Embora os dados sobre o número de ataques na Europa sejam diferentes, o Centro Internacional de Contraterrorismo identificou 110 incidentes ligados à Rússia desde 2022, a maioria deles tendo como alvo a Polónia e a França.
Em Novembro, uma importante ligação ferroviária entre a Polónia e a Ucrânia explodiu, no que as autoridades polacas chamaram de “acto de sabotagem sem precedentes”.
Outros ataques incluíram um armazém de propriedade ucraniana incendiado no leste de Londres, uma carta-bomba colocada num avião com destino à Grã-Bretanha e pacotes com armadilhas enviados para Leipzig, na Alemanha.
Noutro local, um avião da DHL caiu dos céus sobre a Lituânia e explodiu numa bola de fogo, num desastre ligado aos espiões de Putin.
Tudo isto faz parte daquilo que o relatório descreve como “a era da economia partilhada” da sabotagem russa.

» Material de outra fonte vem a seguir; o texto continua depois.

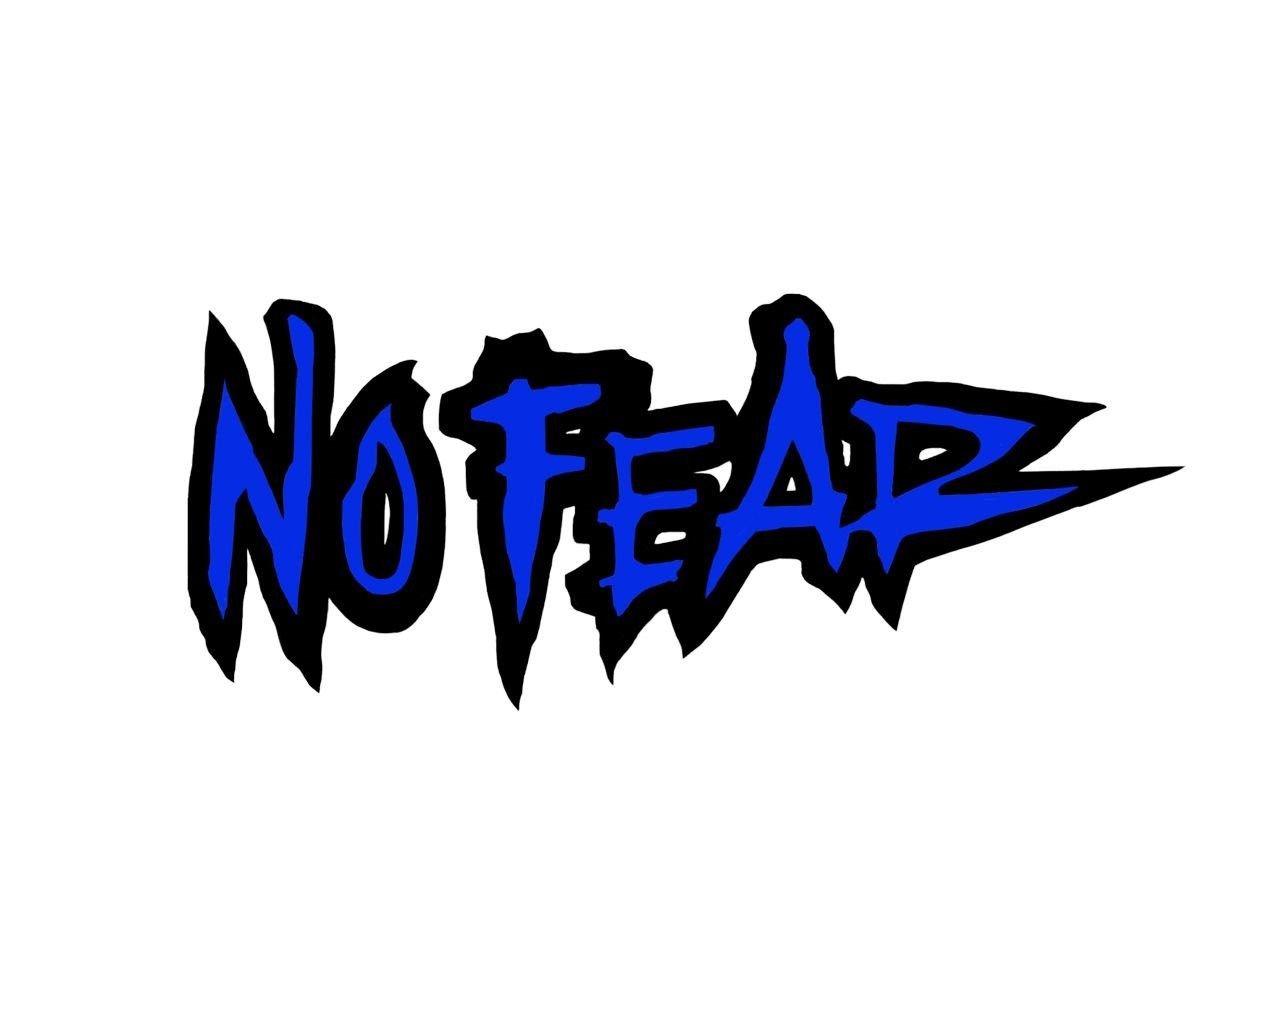 Wallpapers No Fear Logo - Wallpaper Cave

“Os métodos utilizados para recrutar e comissionar sabotadores passaram de uma dependência da era da Guerra Fria em agentes de inteligência treinados para um modelo caracterizado por atribuições remotas, independentes e altamente negáveis – a ‘era da economia gig’ da sabotagem russa”, diz o relatório RUSI.

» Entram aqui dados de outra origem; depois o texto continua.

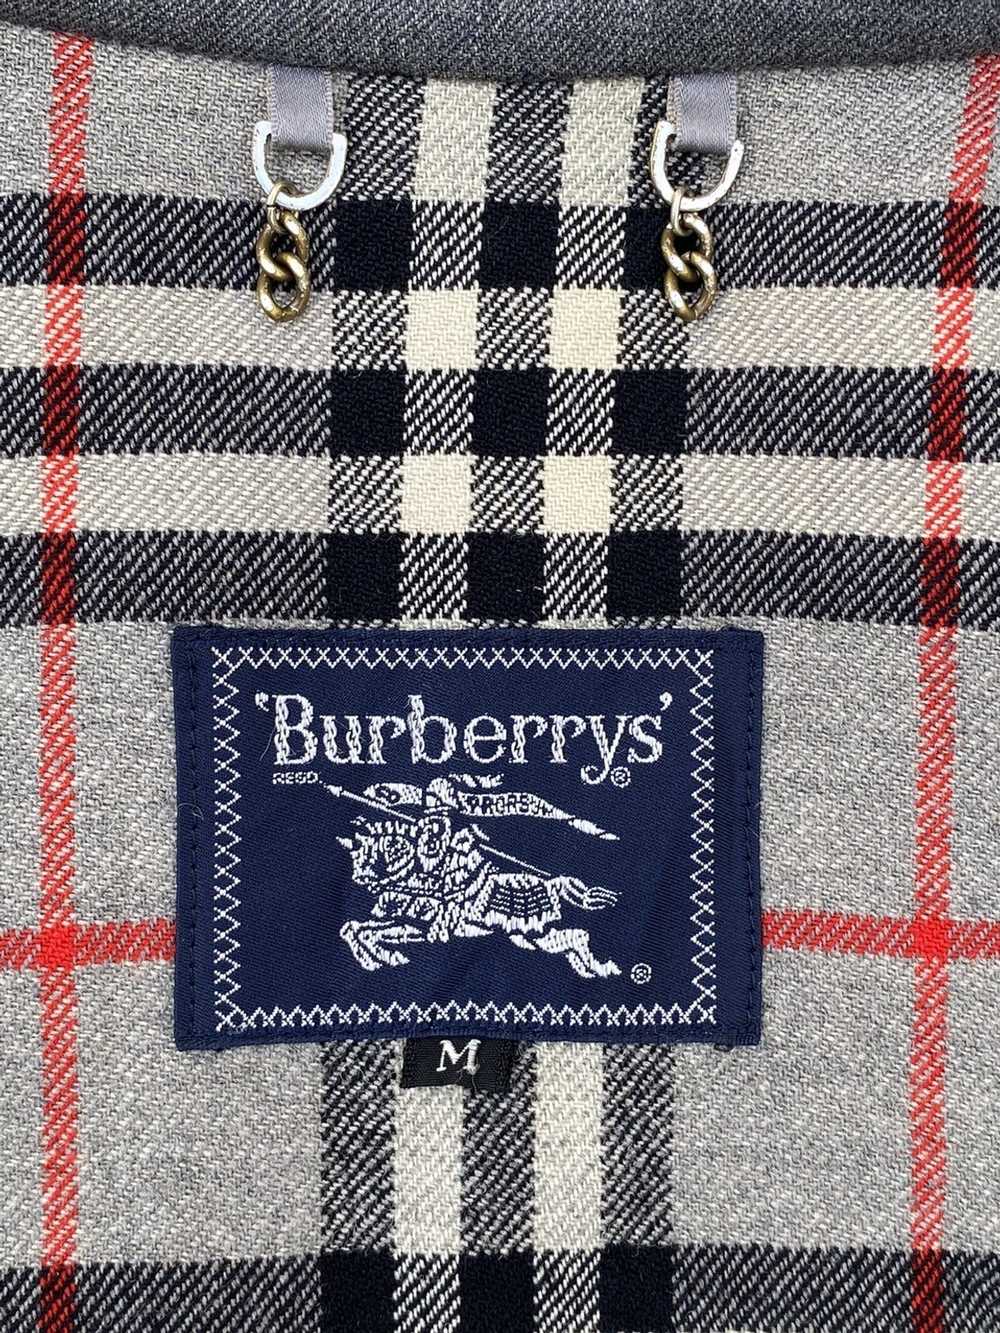 Burberry Prorsum × Vintage VINTAGE BURBERRYS GRAY… - image 10

Aviso: Grã-Bretanha enfrenta um défice de defesa de £10 mil milhões
A Grã-Bretanha enfrenta um défice anual de financiamento de até 10 mil milhões de libras para se preparar para a luta contra a Rússia, alerta um novo relatório.
os militares devemos estar preparados para um conflito de alta intensidade na Europa em áreas urbanas e zumbido A guerra é o que se espera em qualquer confronto, diz o estudo.

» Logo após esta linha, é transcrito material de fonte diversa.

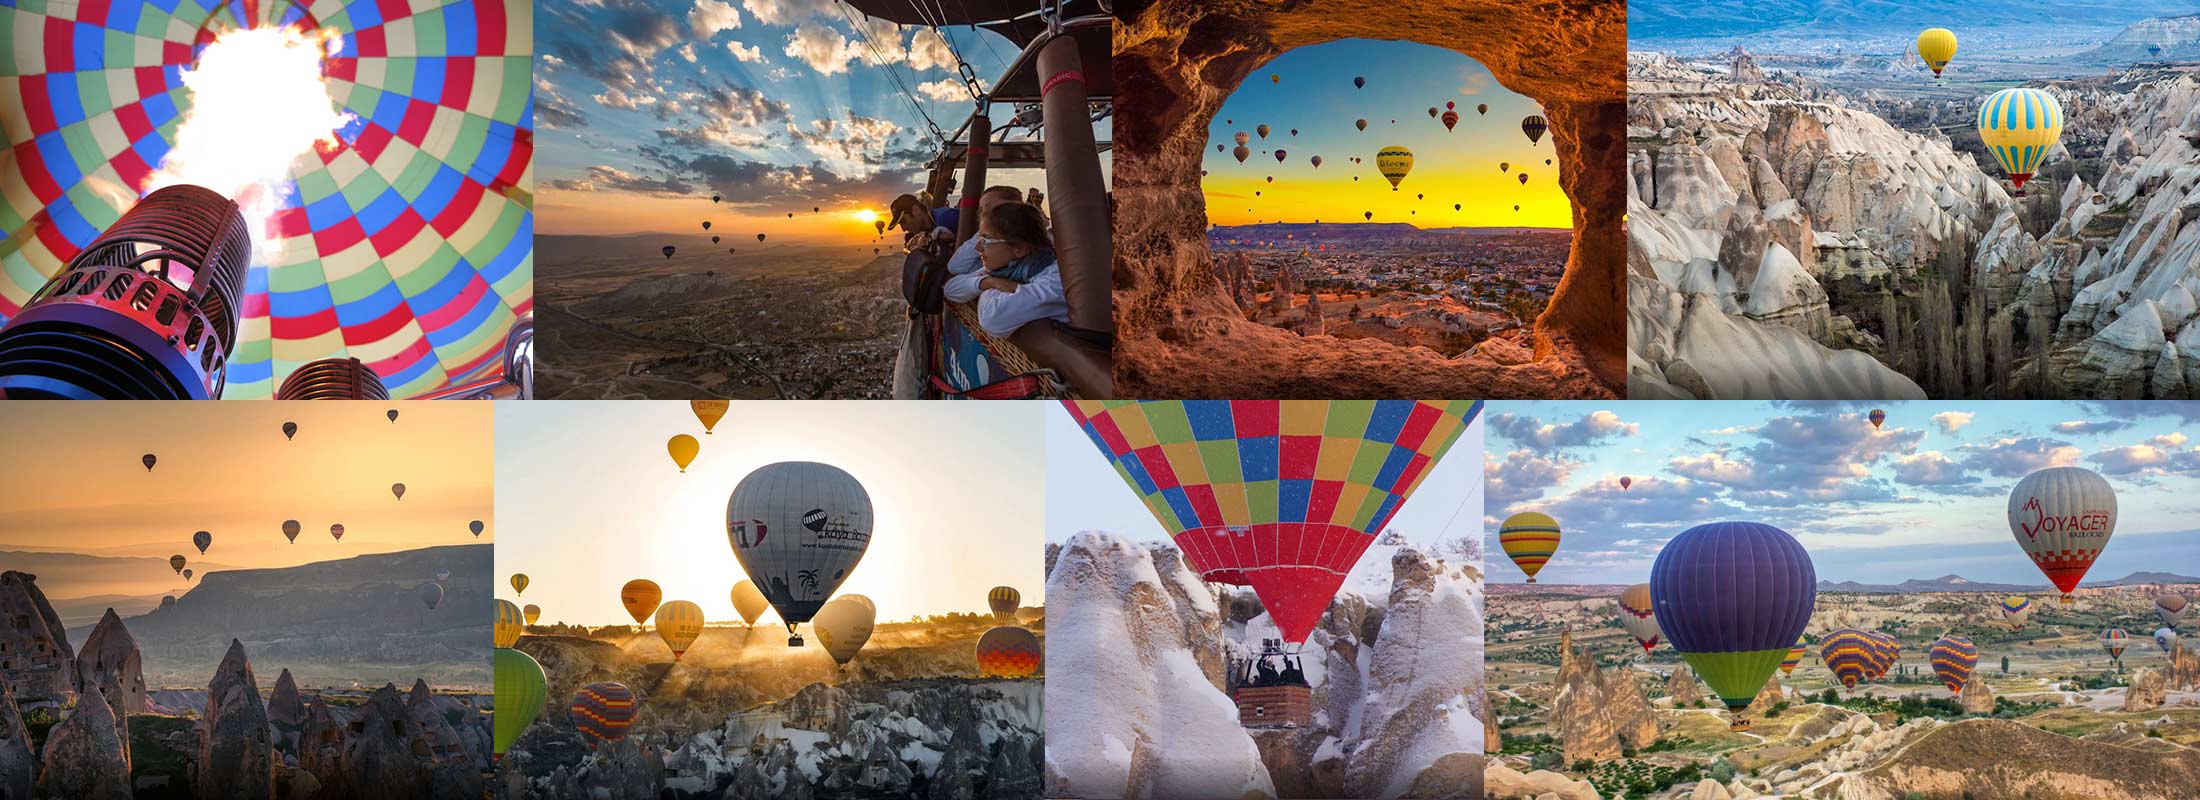 cappadocia-hot-air-balloon-tour-2

A intervenção ocorre depois que o chefe da OTAN, Mark Rutte, disse que Moscou poderia atacar um membro da aliança militar nos próximos cinco anos.
Andrew Fox, da Henry Jackson Society, argumenta que se a Grã-Bretanha se envolver num conflito, falta-lhe o equipamento, as reservas e a infra-estrutura de formação para prevalecer.
O antigo major do Regimento de Pára-quedistas disse: “Se a Grã-Bretanha acabar em conflito com a Rússia, enfrentaremos exactamente estas condições e neste momento não estamos preparados.
“A nossa modelagem mostra uma lacuna anual de 7 a 10 mil milhões de libras entre o que o Exército necessita e o que o financiamento atual fornece. O orçamento do Governo não faz nada para fechá-lo.”
Segue-se o chefe da Marinha Real, General Sir Gwyn Jenkins, implorando ao Tesouro que iguale os gastos em dinheiro dos inimigos do Reino Unido.
Os trabalhistas adiaram o cumprimento da meta de defesa de 2,5% do PIB para o final de 2027.
Os ministros comprometeram-se a gastar 3 por cento no próximo Parlamento.
Um porta-voz do MoD, comentando o estudo, disse: “Este governo está a conseguir o maior aumento sustentado nas despesas com a defesa desde o fim da Guerra Fria, aumentando 5 mil milhões de libras no ano passado e atingindo 2,6% do PIB em 2027, um nível não visto desde 2010.
“A Revisão de Despesas estabeleceu um aumento histórico em termos reais no orçamento do MOD que verá mais de 270 mil milhões de libras investidos na defesa em todo este parlamento, o que significa que não haverá regresso às forças armadas esvaziadas e subfinanciadas do passado.
“Através da Revisão Estratégica da Defesa estamos a aprender as lições da guerra na Ucrânia, e é por isso que estamos a aumentar o investimento em sistemas de drones e contra-drones.
“O Governo também está a reforçar a prontidão e a resiliência do Reino Unido, assinando mais de 1.000 contratos importantes, aumentando os nossos gastos com empresas britânicas e construindo seis fábricas de munições de última geração, ajudando-nos a criar um sistema de munições 'sempre ligado', reabastecendo os nossos stocks.”
“Atores hostis agora terceirizam tarefas de baixo custo para pessoas descartáveis (ou
'agentes por um dia') contratados online”, acrescenta.
Após a expulsão generalizada de diplomatas russos em toda a OTAN em 2022, o recrutamento raramente é feito pessoalmente.
Todo o processo, incluindo a coordenação, foi feito online, aproveitando plataformas criptografadas como Telegram e Viber, e até mesmo aplicativos de mídia social convencionais como Instagram e Twitch.
O relatório acrescenta: “Ao adoptar uma rede distribuída de agentes descartáveis, a Rússia criou um ecossistema de sabotagem lucrativo, negável e difícil de mapear”.